Так что расхождение во взглядах — и на польские события десятилетней давности, и на наследственное право, которое Поленов — очень просто — путает с «коммуной», все это не более чем салонные споры во время воскресных завтраков и обедов, разве что разогревающие кровь, воспламеняющие воображение, дающие пищу уму и возможность потренировать полемические способности. А сам Татищев — глава враждебной партии, в оппозиции которой находится молодой Поленов, — даже благоволит к своему противнику в спорах «и советует изучать русскую историю по французским об ней сочинителям». Татищев подарил даже Поленову чудесно исполненную фотографию Венеры Милосской:
— Прохожу я мимо магазина и вижу портрет этой чиновницы, а вы о ней хорошо отозвалися, я и подумал, оригинал подарить ему не могу, ибо он не мой, а портрет поднесу.
Родителям бы только радоваться, что Вася попал в хорошее общество, где ему не дают спуску, где с ним спорят, вдалбливают благонамеренность, а в знак наказания обязывают сопровождать дам в Салон и в Версаль.

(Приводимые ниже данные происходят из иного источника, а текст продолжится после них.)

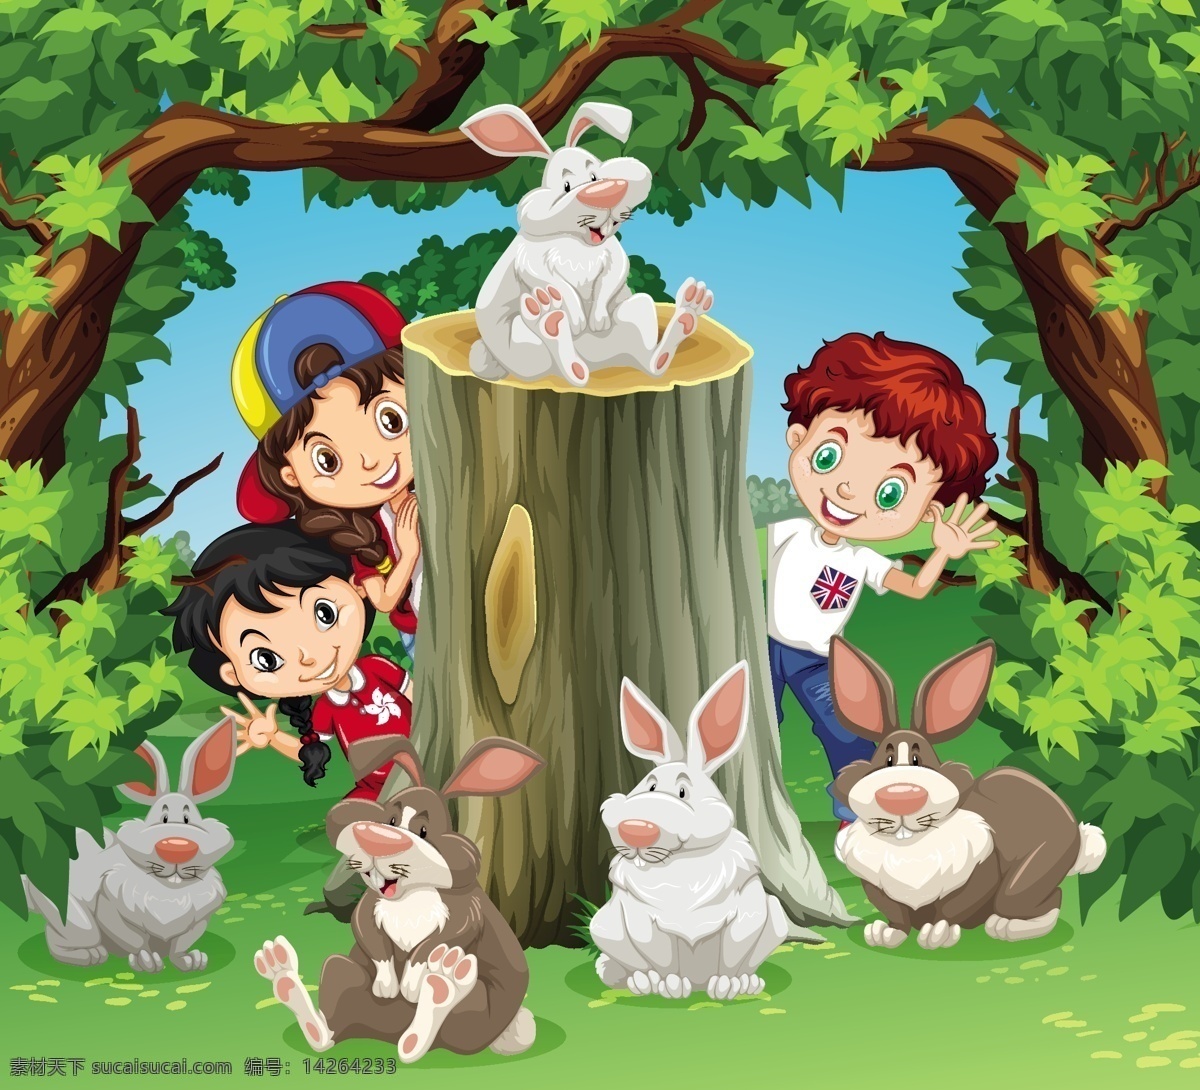 卡通兔图片 卡通兔 兔子 卡通 插画 漫画 动物 可爱 兔子素材 复活节 兔 儿童 学生 卡通动物生物 卡通设计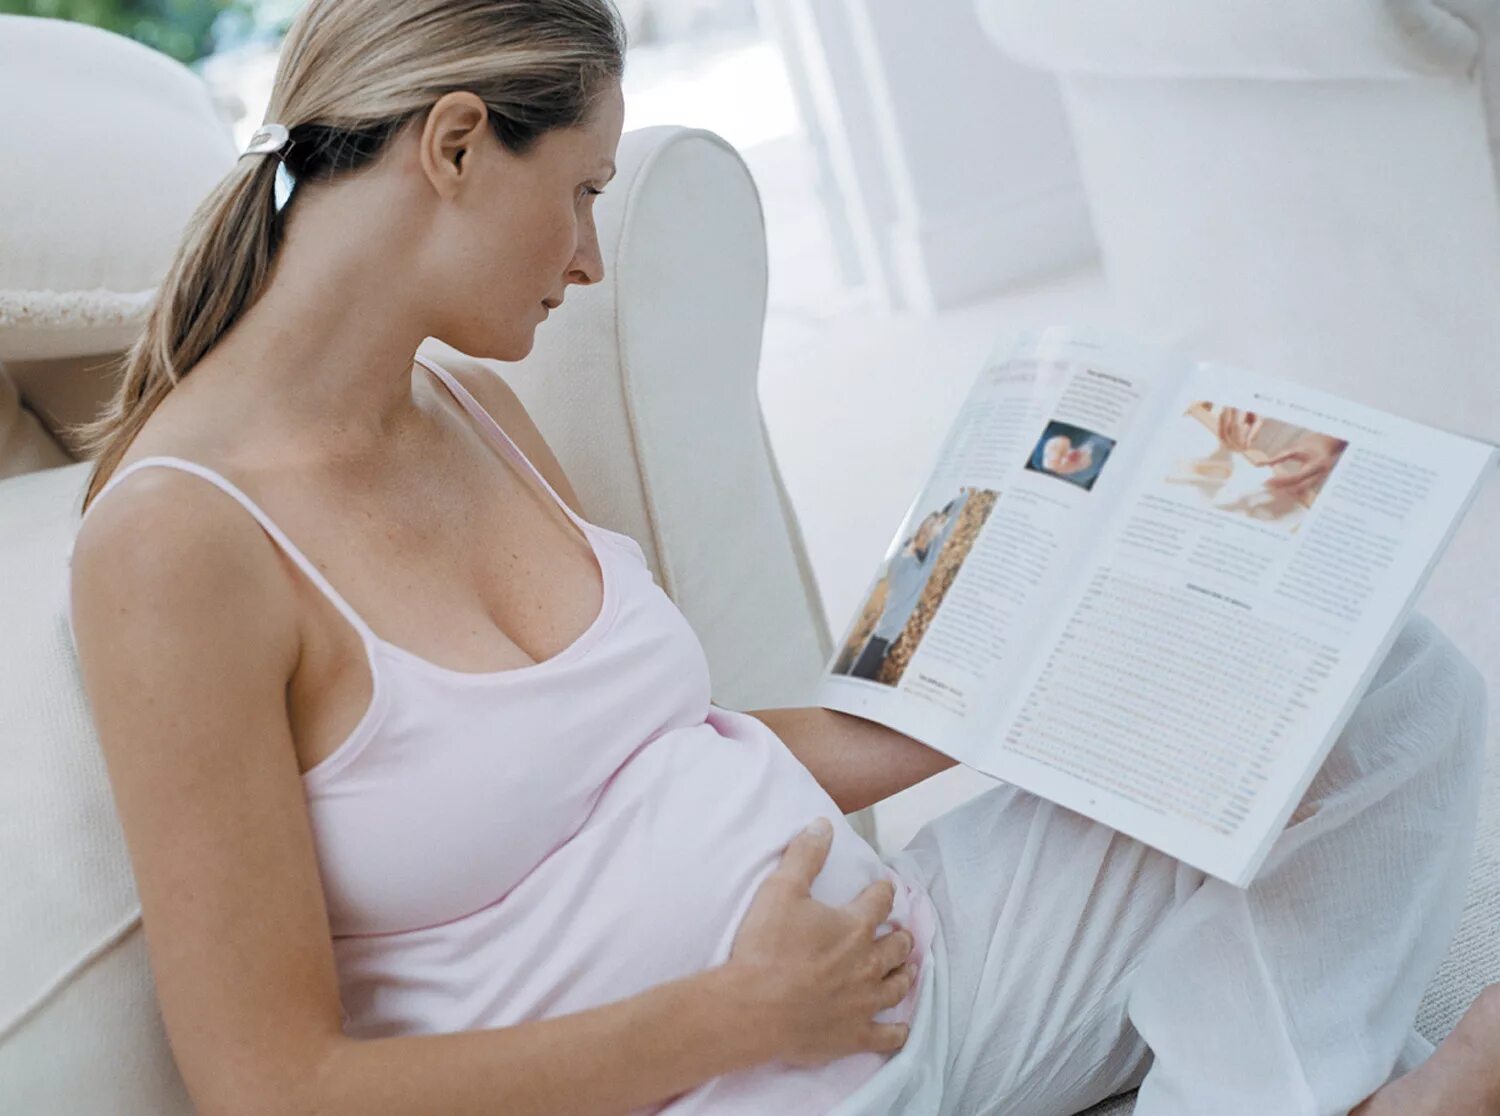 Роды и материнство. Подготовка к родам. Подготовка к беременности и родам. Подготовка женщины к родам. Психологическая подготовка к родам и материнству.

Но Марию Алексеевну, с ее ригоризмом и впитанным с молоком матери страхом перед Аракчеевыми, Бенкендорфами, Дуббельтами, перед самим государем, не так уж интересует его будущее. И, получив письмо, она тотчас же садится за ответ: «Слушая некоторые твои рассуждения прошлого лета в Имоченцах, я часто думала, дорогой мой Вася, подобно Анне Афанасьевне Соловцовой, что тебе точно пятнадцать лет. Прочитав же последнее твое письмо, я еще более утвердилась в моем мнении. Но вот беда, что этому никак не поверят те люди, которые только тем и занимаются, что подбирают подобные рассказы, нанизывают их себе на память, а потом их при случае, чтобы удостоверять, кого нужно, в неблагонадежности нашей молодежи, выставляют на вид. Все эти твои излияния ничего другого не сделают, как принесут вред не только тебе, но и твоим самым близким. И все из — за того, чтобы геройски стать в позу и сказать: „А мне что? Я выше толпы!“ Признаюсь, что высказанный тобою образ мыслей нас очень огорчает, и тем более, что все это навеяно на тебя какой — то нездоровой атмосферой. Алеша находит, что все очень остроумно, если ты сам над собой посмеиваешься, и, описывая эти твои беседы, из себя выделываешь очень искусного фантазера… Он не хочет признать в тебе пятнадцатилетнего юношу, так, как я это делаю. Ты там сердись, бранись, а я всегда косточек ищу и до косточек хочу тебя пробрать. Но об этом довольно, и прошу тебя, дорогой мой Вася, мне на это не отвечать. Баста! Побереги нашу старость, ты горячо нас любишь. Это я знаю. Все это пишу серьезно и прошу исполнить с преданностью к нам».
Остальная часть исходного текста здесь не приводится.